### Problem details
Each line of the listing must be transcribed exactly, except for the images, which should be excluded.

### Given data
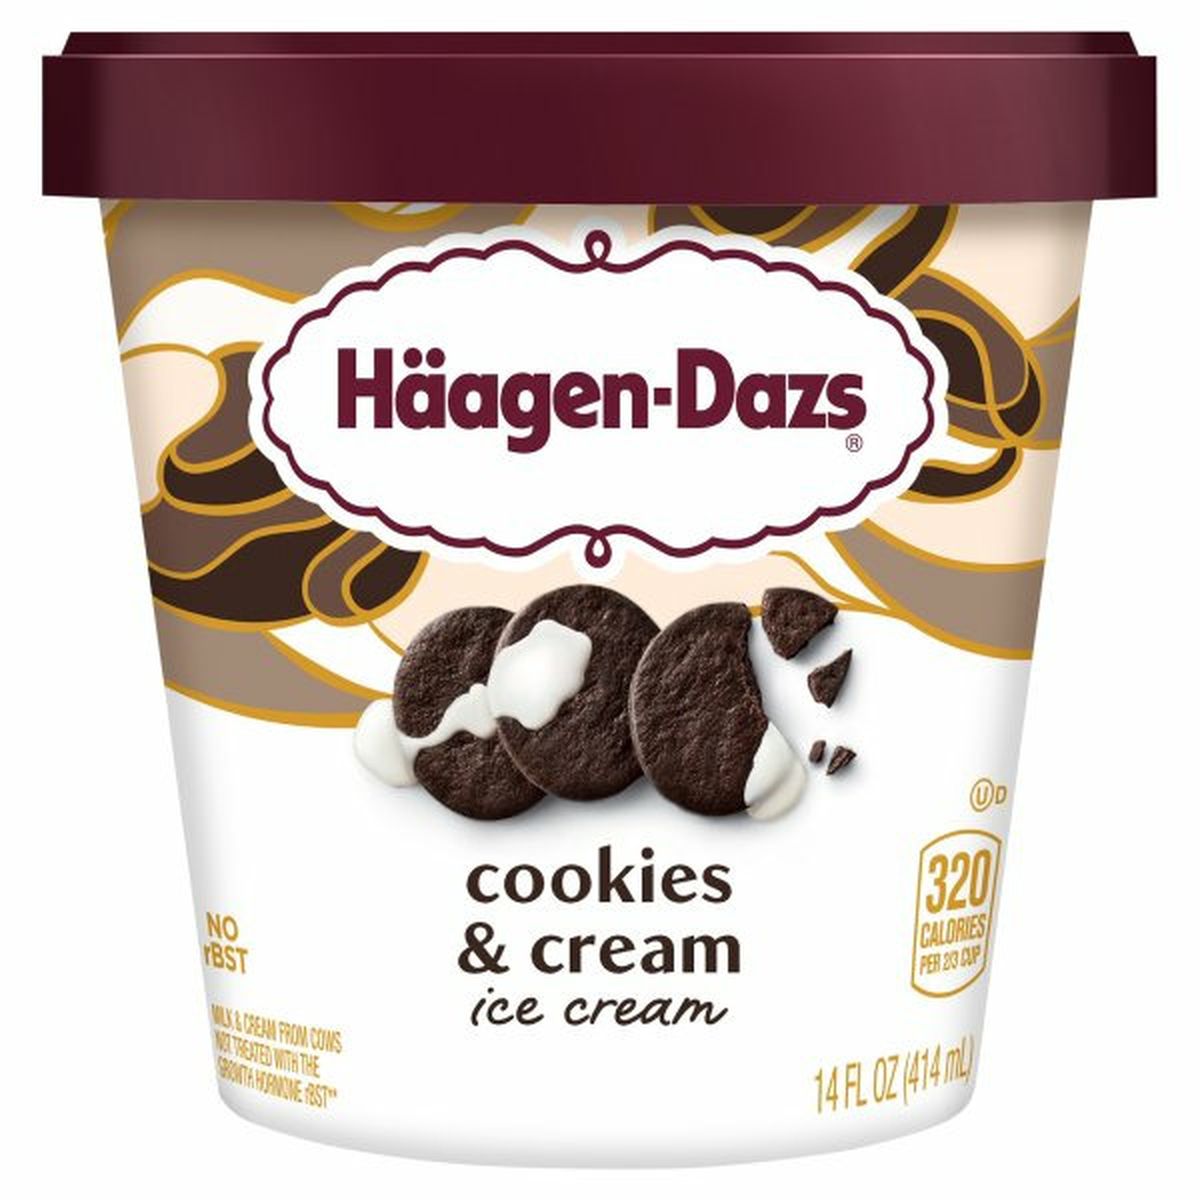 Calories in Haagen-Dazs Ice Cream, Cookies & Cream
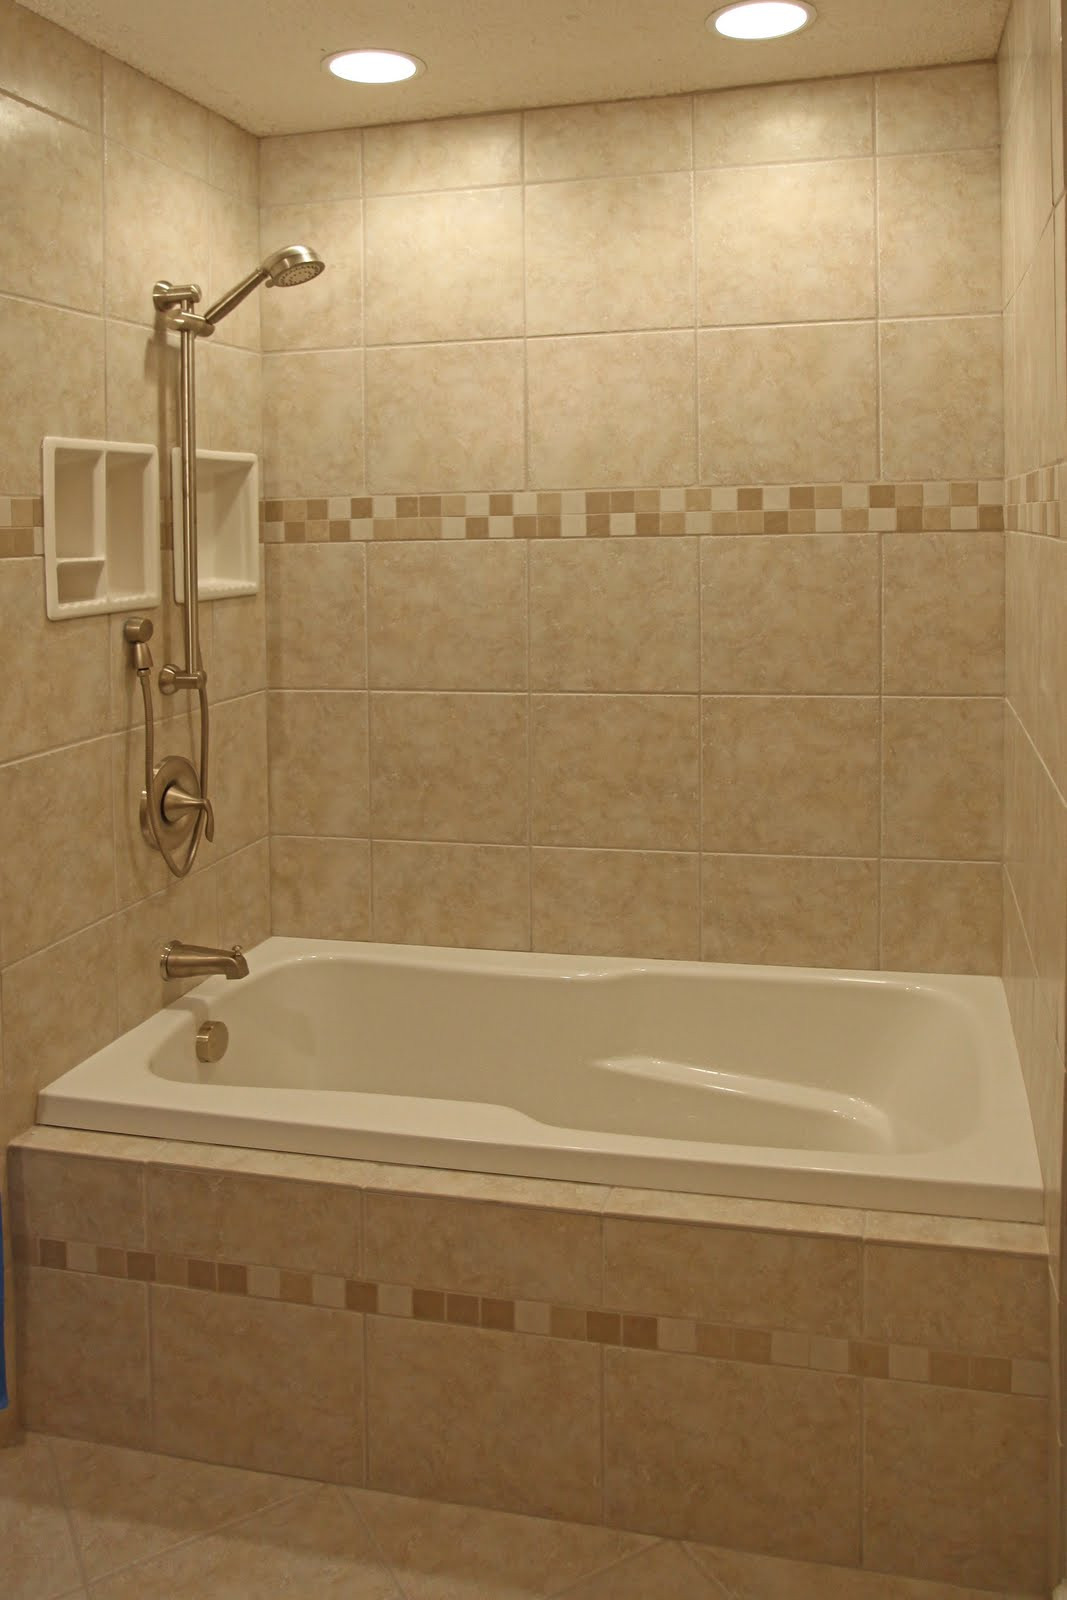 Bathroom Shower Tile Ideas
 Bathroom Remodeling Design Ideas Tile Shower Niches

### Result
 Calories in Haagen-Dazs Ice Cream, Cookies & Cream
 Bathroom Shower Tile Ideas
 Bathroom Remodeling Design Ideas Tile Shower Niches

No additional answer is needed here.